В ночь с шестого на седьмое января, под самое
Рождество, в пустом родительcком доме тосковал одинокий отставной
капитан военно-воздушных сил Филиппыч. Выйдя на пенсию после долгих лет
небезупречной службы, он решил уехать, наконец, на свою малую родину и
поселиться в родительском доме. Проснувшись под вечер, он включил
телевизор в надежде развлечься, а там, как назло, ничего интересного —
Патриаршая служба. Попы снуют взад и вперед, поют что-то. Тоска.
Родители давно умерли, брат остался за границей, в Узбекистане, а жена —
на своей родине, в теплом Симферополе, когда поняла, что ее
муж-пенсионер, кроме как гарцевать на штурмовиках, да пить, ничего не
умеет, а главное, не хочет делать в жизни. Филиппыч весь предыдущий день
бродил по селу, тешась воспоминаниями былой счастливой юности, которые
живут здесь в каждом переулке, в каждом овраге. Никто не обращал
внимания на незнакомого человека в камуфляже небесного цвета. Да и сам
Филиппыч не встретил ни одного знакомого лица. Село изменилось. Дома
стали ниже, люди старше. Даже церковь, где они мальцами курили, прячась
от одноногого школьного директора-фронтовика, изменилась в лучшую
сторону. Так, где прежде на кирпичных сводах зеленели заросли клена,
теперь оцинкованная крыша. Вокруг храма — забор. Филиппыч хотел было
зайти внутрь, посмотреть, целы ли фрески, которые он так любил
разглядывать в детстве, но постеснялся. А любопытно было бы. Помнится,
на западной стене были нарисованы страшные серые черти — ефиопы, как
называла их покойная мать. Они мучили грешников. Кого заставляли лизать
красную, раскаленную сковородку греховными языками, кого варили в
большом казане, изредка помешивая острыми пиками. А некоторых испытывали
нестерпимым холодом. Помнится, изображения нагих грешников будто бы на
самом деле дрожали от лютого холода и поджимали окоченевшие ноги, словно
воробьи, от бесплодного желания согреться. Эту часть ада старушки
называли «тартар». Жуть, как там холодно.

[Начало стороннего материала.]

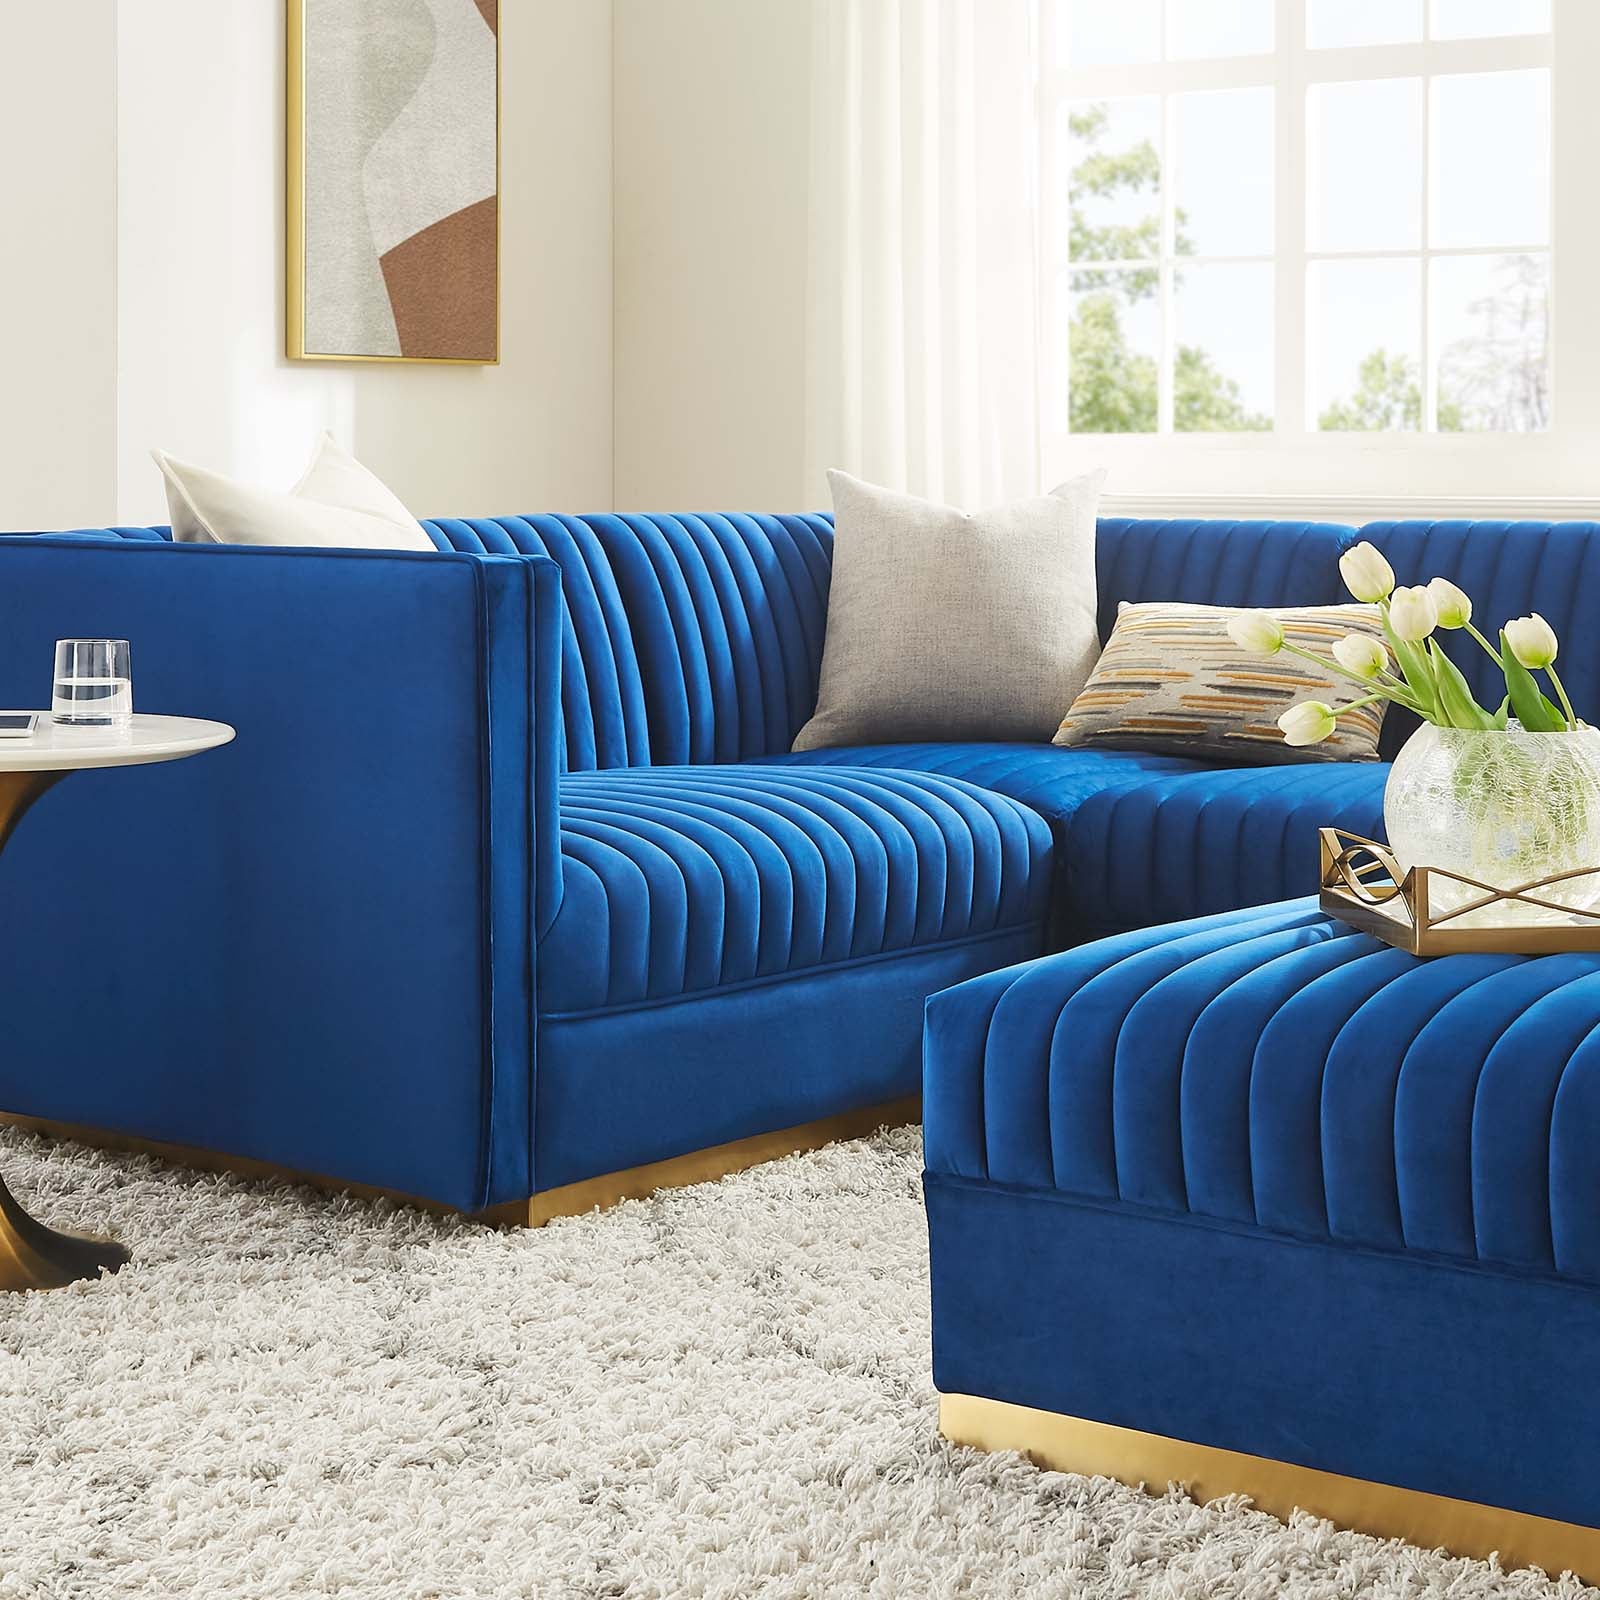 Modway Sectional Sofas - Sanguine Channel Tufted Performance Velvet 5 Piece Left-Facing Modular Sectional Sofa Navy

Выспавшийся летчик выключил телевизор, посмотрел на часы — без пяти
двенадцать. На улице ночь, мороз трещит. В церкви зазвонили колокола. В
кармане у новоиспеченного пенсионера пока еще звенело и шуршало. Он снял
с печки теплые армейские ботинки, надел бушлат и в раздумье, чем бы
заняться, вышел на улицу. Куда бы податься? Друзей никого нет. На дворе
Рождество, нужно бы отметить, а где? Не в церкви же, в самом деле. Тут
Филиппыч вспомнил о новом кабаке, который поразил его вчера своим
азиатским дизайном.
Когда за ним с лязгом захлопнулась железная дверь распивочной, он
почувствовал себя в своей тарелке. Яркий, пошлый свет освещал столики,
за которыми не было свободных мест. Воздуха, кажется, тоже не было. Был
едкий табачный дым, в котором он разглядел стойку и уселся за нее,
положив руки сверху. Рыжий бармен долго и пристально всматривался в лицо
Филиппыча, так, что ему стало даже немного неудобно.

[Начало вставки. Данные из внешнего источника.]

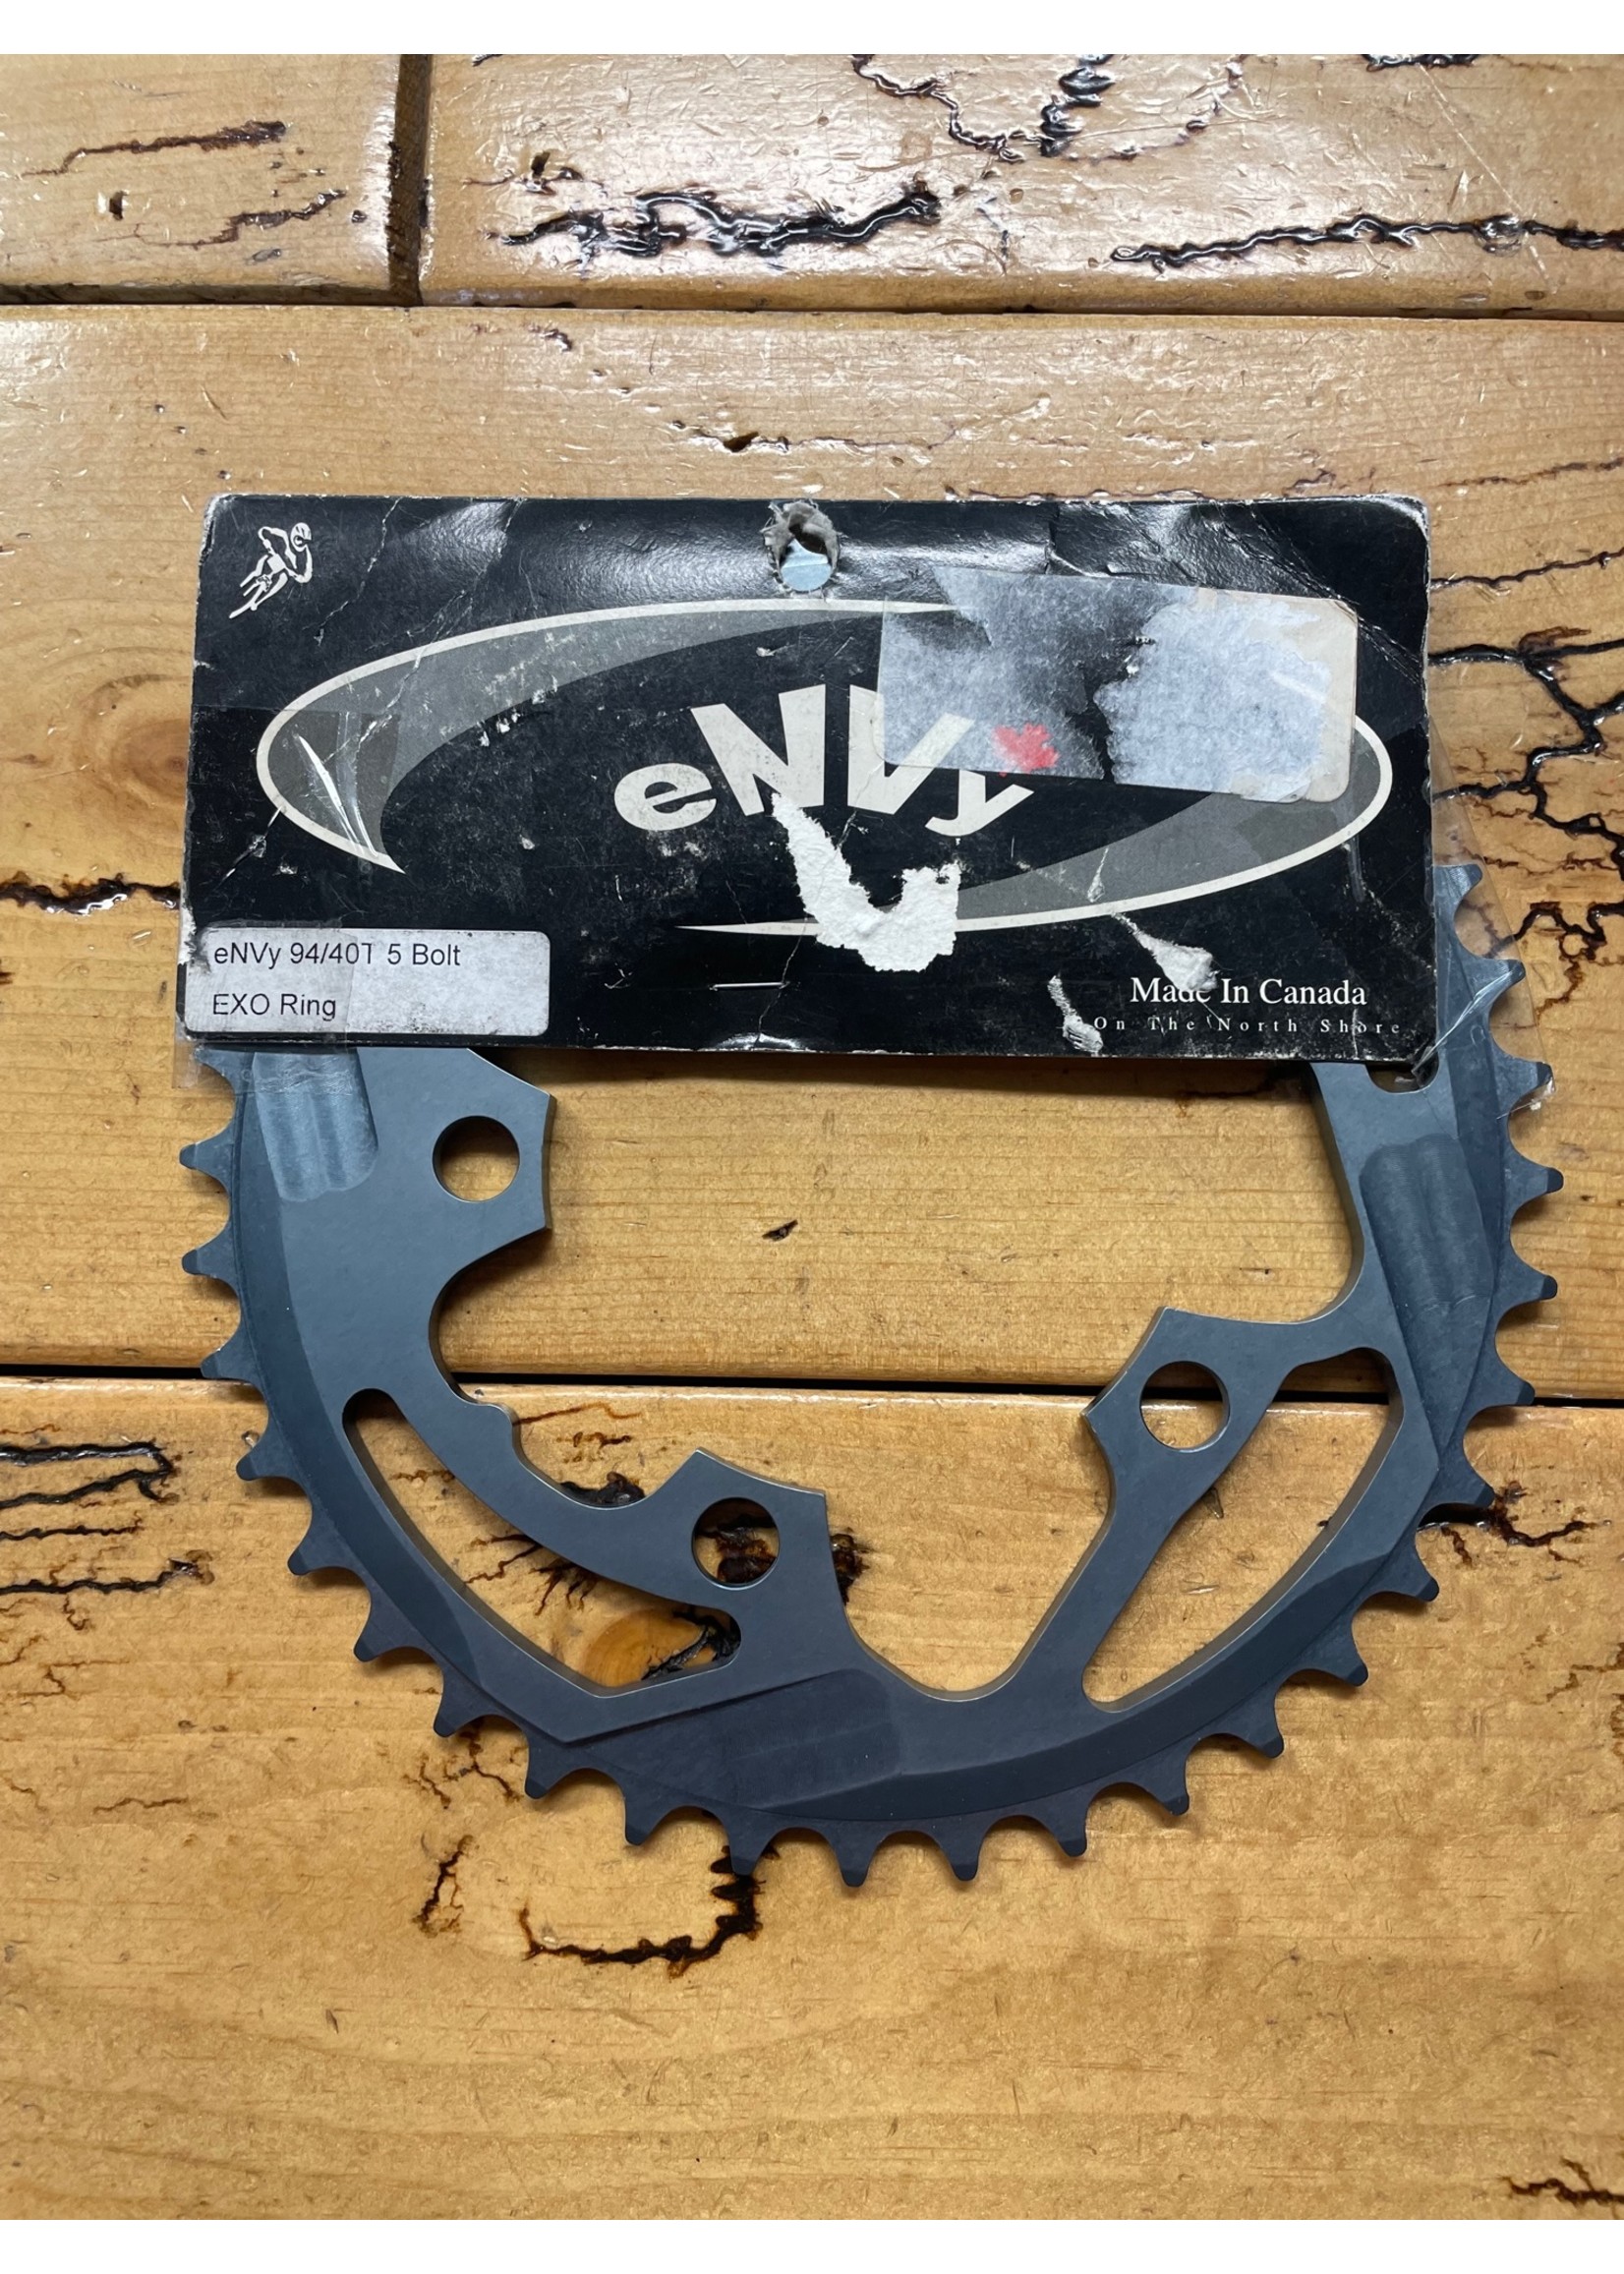 Envy Envy EXO 40 Tooth 5 Bolt 94 BCD Chainring

— Воробей? Ты, что ли? — наконец опасливо выдавил из себя бармен, вместо
привычного «что будете пить?». Запахло забытым детством, ведь это его,
Филиппыча, дразнили в детстве «воробьем».
— Рыжий?! Рыжий!
— Воробей! — и два давних приятеля кинулись душить друг друга в
объятиях.
— Мужики! — заорал диким голосом Рыжий. — Мужики! Воробей приехал!
Из-за ближнего столика подскочили три опухших мужика, упакованных в
рваные фуфайки.
— Воробей!
— Гусь! Славка! Бабуин! — Филиппыч узнал в них давних приятелей.
— С Рождеством вас, пацаны!
— С Рождеством!
За крайним столиком для Филиппыча нашлось лучшее место. Он зашуршал
купюрами, а Рыжий, выставляя на стол «паленую» водку, шепнул сидящим
друзьям по секрету, что водка отличная, ее делает один знакомый в своем
сарае. Магнитофон заблажил хриплым голосом про таежный лесоповал, и
друзья произнесли тост:
— За Рождество!
— За Рождество!
Потом были тосты «за встречу», «за баб», «за дружбу», «за родителей» и
еще какие-то. Когда выпили всю водку и Рыжий принес по кружечке пивка,
вспомнили про «доблестные вооруженные силы!». Одним махом опрокинув
кружку, Филиппыч вскочил и истошно заорал:
— От винта!
Потом, обращаясь к друзьям, каждый из которых начал уже двоиться в его
глазах, спросил заплетающимся языком:
— А вы хоть в армии-то были, блин? Вы хоть знаете, что это такое? Я вот,
бывало, выйду на плац утром. Солдатики стоят. Я им: «Равняйсь!» —
Филиппыч козырнул, — а они, гады, смеются. «Да я вас всех!!!» — говорю,
а что с них возьмешь, с узбеков узкоглазых?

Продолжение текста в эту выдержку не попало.